Alley fought the urge to flip his lighter out again and burn his own eyes with it.

---

“He had 75 points,” Webster said, his voice quivering a lot more than it usually did.

“Shit,” was all that came out of More.

Alley said nothing. He stared at the empty bed in front of him-they had real beds now, with fresh sheets and down pillows-still tussled from when Janovec had risen from it this morning.

If this war was still conspiring to kill him, it now wanted to kill him from within.

---

He could see the replacement’s rib crack, like a snapping twig, upon contact with More’s fist. The reek of blood and alcohol was thick on the young man’s face, disfigured by God knows how many punches, a number of his teeth knocked out. Still, it was hardly enough. Ramirez was at it again, grabbing fistfuls of the bastard’s blood-matted hair and shouting Spanish profanities at him while Popeye held him down by the shoulder and Liebgott clenched his fist to take another swing.

Alley watched as Speirs leveled the gun at the private’s head, wondering if he wanted to see this, if he had any choice. But the captain’s hand, so swift in dealing death on countless occasions before, did not pull the trigger.

“Have the MPs take care of this piece of shit,” he said before leaving.

“Grant’s dead?” Talbert asked on behalf of them all.

“No,” Speirs holstered his gun. “Kraut surgeon says he’s gonna make it.”

Alley hopped off the expensive-looking table he’d been sitting on and pulled a pack of Camels out of his pocket with shaking, blood-stained hands. How’s a man supposed to stay alive around here if people on his own side are trying to kill him?

---

The men in the photographs posed proudly in their uniforms, shaking hands, clinking glasses full of expensive liquor, marching in parades in streets Alley himself had walked on, sunning themselves out on lavish decks with the Alps towering behind them. All those faces, strong and self-assured, unwavering in their belief of their cause for going to war.

“You’re a crazy fucker, More…”

More sniggered and turned another page. “He knew. Speirs knew.”

“And he let it go?”

“Didn’t think he would’ve if Tab hadn’t walked in…” More said. “But he’s never asked about it since.”

“No, he’ll just give you a cigarette and shoot you in the head.”

These were bad men who did bad things for the worst of reasons. Most of them were now dead, captured, or missing-their empire undone, their haughty fortresses of wealth and power now overrun with country boys and coal miners, drinking their wine and sleeping in their beds. It didn’t feel like winning to Alley. He doubted anything would.

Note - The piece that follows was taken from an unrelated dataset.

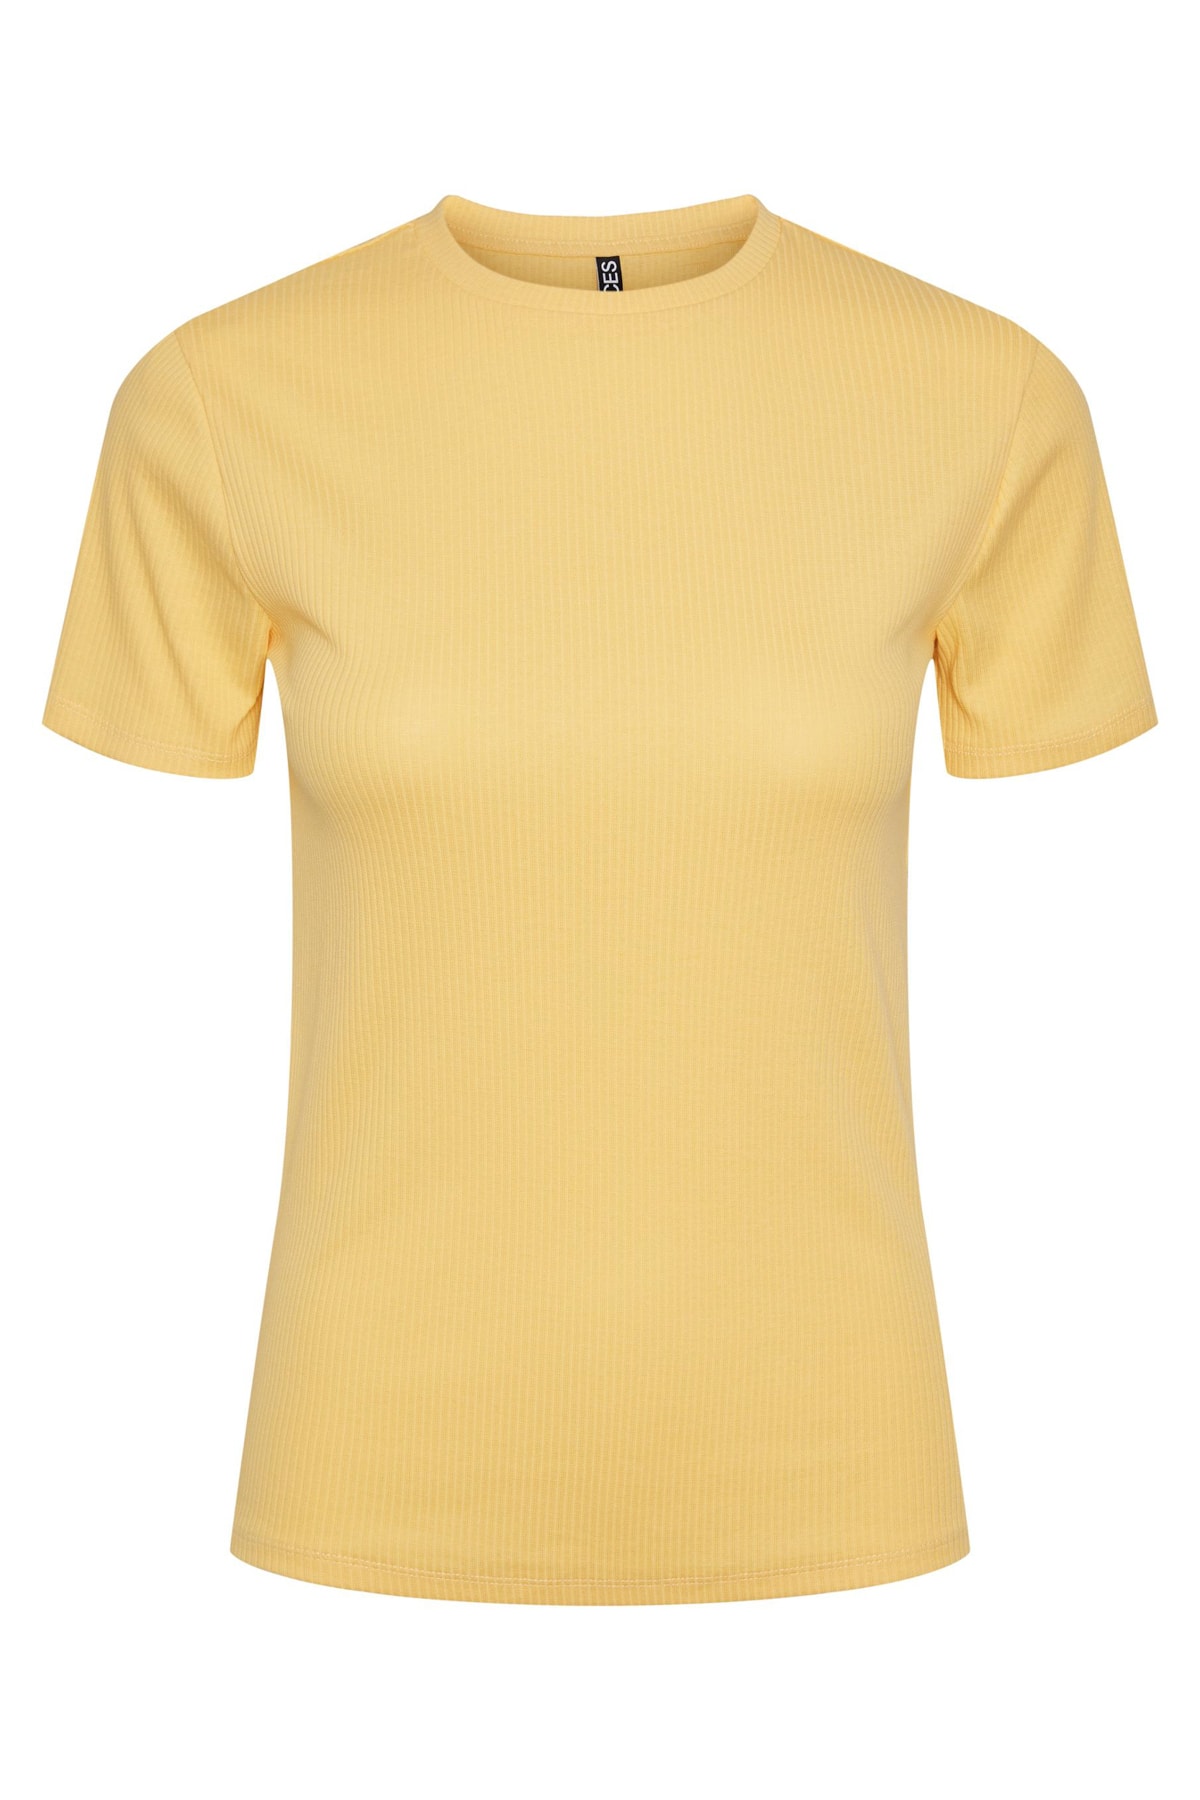 PIECES T-Shirt Gelb Regular Fit Fast ausverkauft

Leaving home for Toccoa three years ago, he’d imagined himself coming back a hero. Now he knew that he will come back, above anything else, a stranger. To his friends and his family and his town, but most of all to himself. He will come back to them as he is now, and they will make of him what they will-a man, a soldier, a survivor, or whatever else they see fit to view him as. He’d fought, full of will and determination, and he’d refused to die because he hadn’t yet become what the recruitment posters promised him he would be, a mighty paratrooper dropping from the skies to free the world and rid it of the Axis’ evil. Young Jimmy Alley had believed in those things. The war-bruised Sergeant Alley, twice wounded and many times dead, still carrying bits of shrapnel under his skin and the ghosts of the dead on his back, didn’t.

The only heroes he knew were dead men, lying in shallow graves dotted all across Europe and beyond, young and slain before their time. At different points during this war, Alley had found himself wishing for his life to end as much as he wished it to continue. Now, his only wish was to come home, to whatever would be waiting there for him.

It was, after all, only a matter of dying one more time and living again, changed again.